Hanno accolto con fragorosi applausi ed ovazioni il Presidente Napolitano, tanto che anche i giornali del giorno dopo se ne sono accorti: «il “momento di gloria” arriva nel pomeriggio, quando il presidente si presenta tra i chiostri del Filarete: applausi, strette di mano dei ragazzi di Obiettivo studenti, la lista vicino a Cl» ha scritto persino la pagina milanese de il Corriere. «Cori da stadio» e «gran applausi e persino un maxi-striscione di “Obiettivo studenti”, gli universitari vicino a Comunione e liberazione» per Chiara Beria di Argentine su La Stampa, che titola a pagina 11: «A Milano da studenti e professori solo applausi». La stessa Beria di Argentine, durante un breve scambio di battute con i rappresentanti di Obiettivo studenti in attesa dell’uscita di Napolitano dal rettorato, si era stupita per lo striscione con la frase del Capo dello Stato: «Credo che neanche ai tempi di Pertini gli studenti usassero espressioni del Presidente». Sulla stessa lunghezza d’onda anche i titoli dei tg di venerdì sera. L’accoglienza, insomma, non è passata inosservata. Lo stesso Giorgio Napolitano se n’è accorto lì, sul momento. «Apprezzo il vostro gesto e continuerò ad andare avanti con l’invito al dialogo», così il Presidente dopo aver ricevuto in consegna dai rappresentanti di Lista Aperta Obiettivo Studenti le 1025 firme raccolte in soli due giorni nella Facoltà di Scienze Politiche contro qualunque forma di blocco della didattica.

 

«Peccato che, nonostante la calorosa accoglienza che abbiamo riservato al Presidente Napolitano, solo una lista – guarda caso Sinistra Universitaria – ha avuto il privilegio di un colloquio riservato in rettorato», ha commentato Martino Andreani, del Senato accademico di via Festa del Perdono.
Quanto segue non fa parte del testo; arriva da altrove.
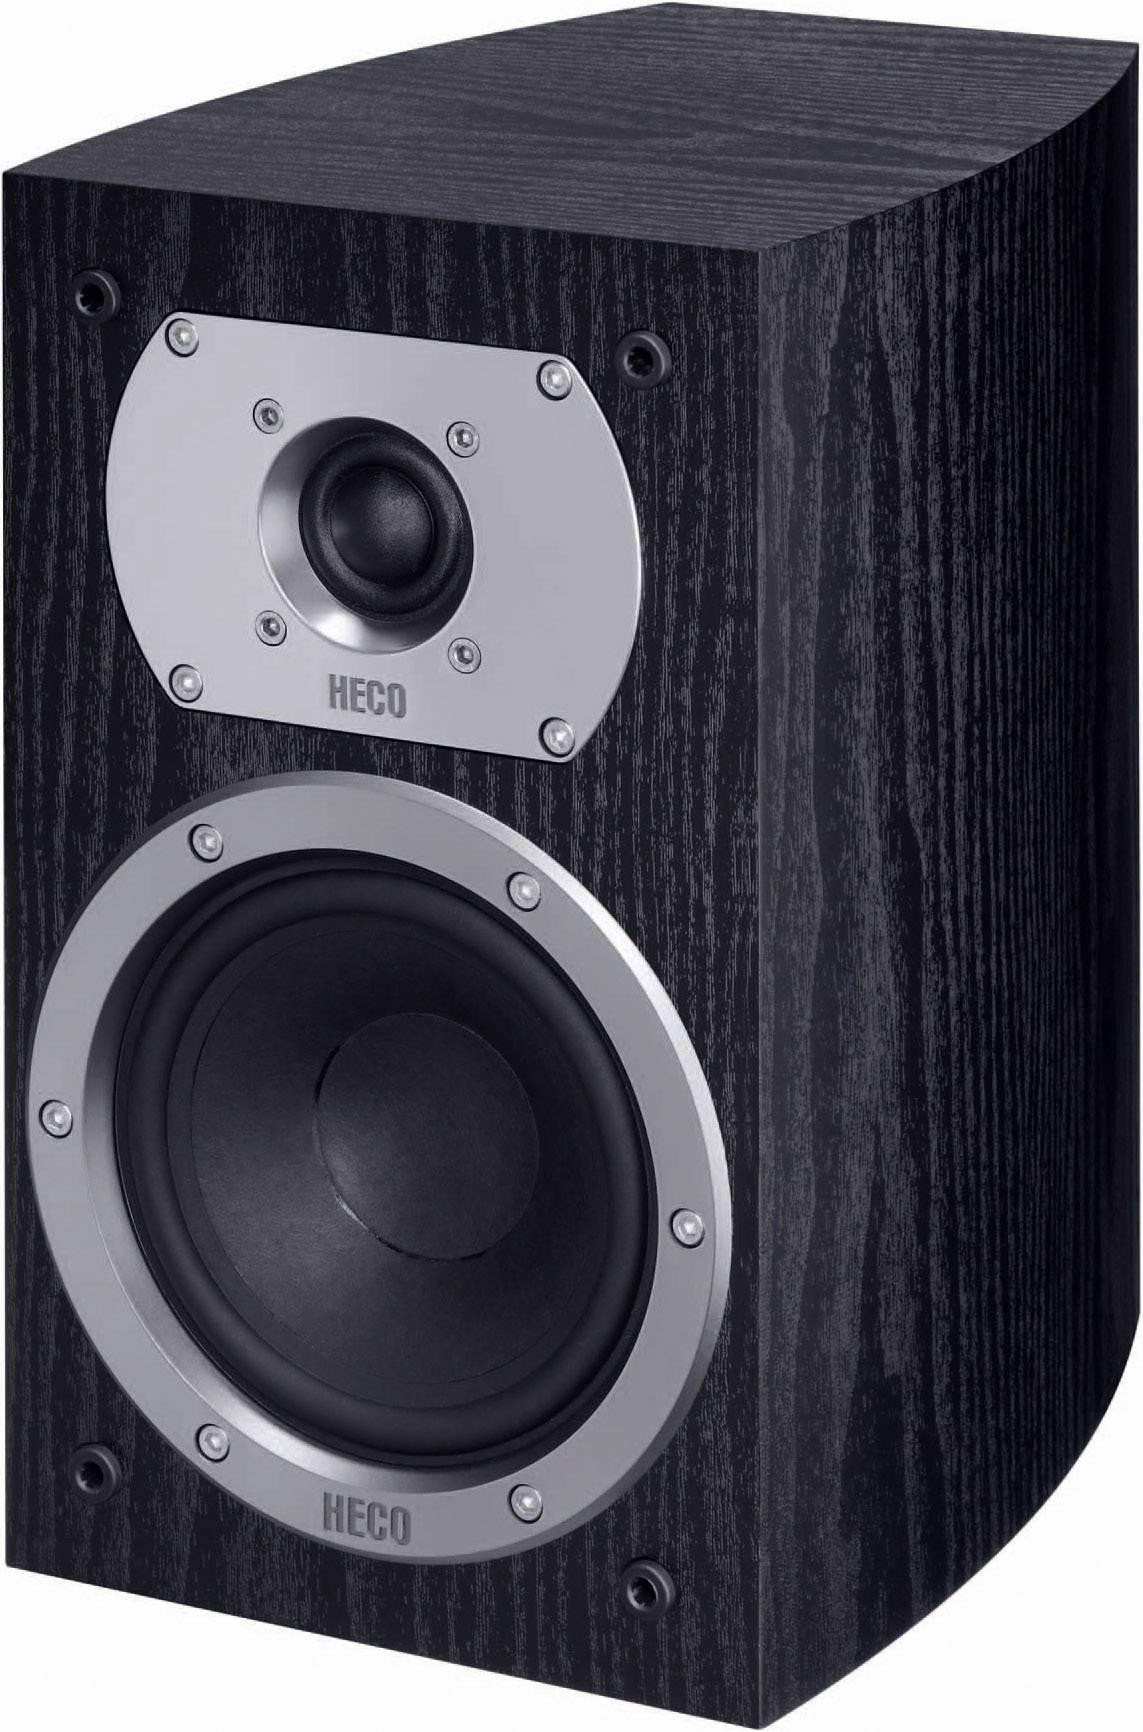 HECO Victa 202 speaker Black 110 W 35 Hz Hz 1 Pair | Conrad.com
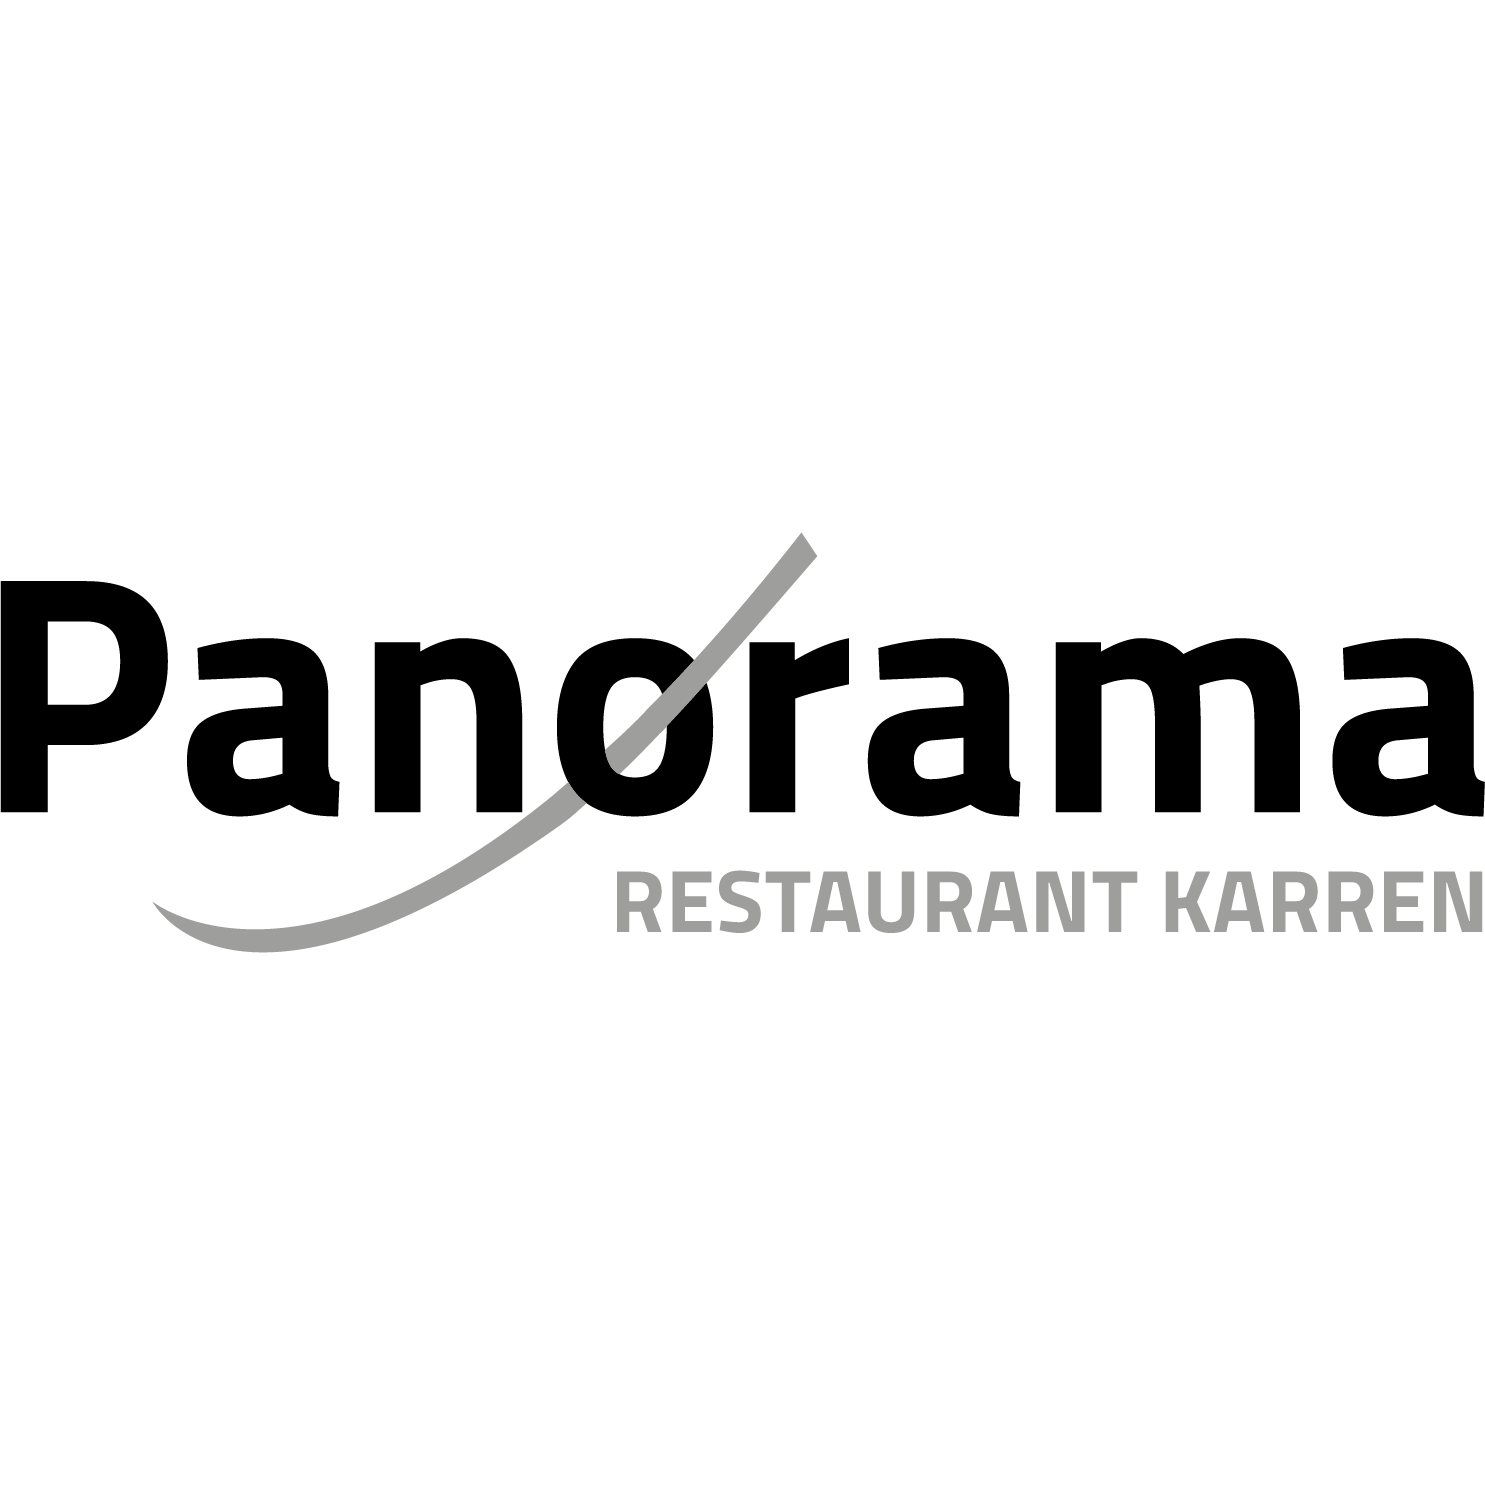 Panoramarestaurant Karren Logo

In effetti, dopo aver chiesto all’ultimo minuto di poter incontrare di persona la più alta carica dello Stato, per poter spiegarle le differenti posizioni che esistono tra le componenti studentesche, è accaduto quel che non doveva accadere, e cioè che i soliti noti parlassero a nome di tutti. «Non accettiamo di essere considerati quattro facinorosi, esercitiamo il nostro diritto a manifestare pacificamente» hanno scritto “Gli Studenti delle università milanesi” in una lettera consegnata nelle mani di Napolitano.

 

E chi non occupa i binari di una stazione – come ha tentato di fare a Cadorna uno dei tre studenti fatti salire in rettorato –, ma continua ad andare a lezione e a sostenere gli esami? Perché deve essere inglobato tra coloro che non accettano «di essere considerati quattro facinorosi»? Perché non si è potuto dire al Presidente della Repubblica che in Statale, oltre a chi “protesta” e vorrebbe sospendere lezioni ed esami, c’è una maggioranza che tutti i giorni riempie biblioteche e corsi? Una maggioranza che, oltretutto, non è nemmeno silenziosa – come si è visto venerdì pomeriggio in Filarete. Una maggioranza che, in una sua componente, ha cominciato a riempire quella “piazza”, che è il chiostro principale della Statale, e a bucare l’ostracismo dei giornali. Ai soliti noti che si arrogano il diritto di parlare per tutti, invece, sono state concesse le poltroncine di un comodo salotto. Un’occasione mancata per le autorità accademiche che, dunque, hanno deciso di sponsorizzare una parte politica. Davvero peccato.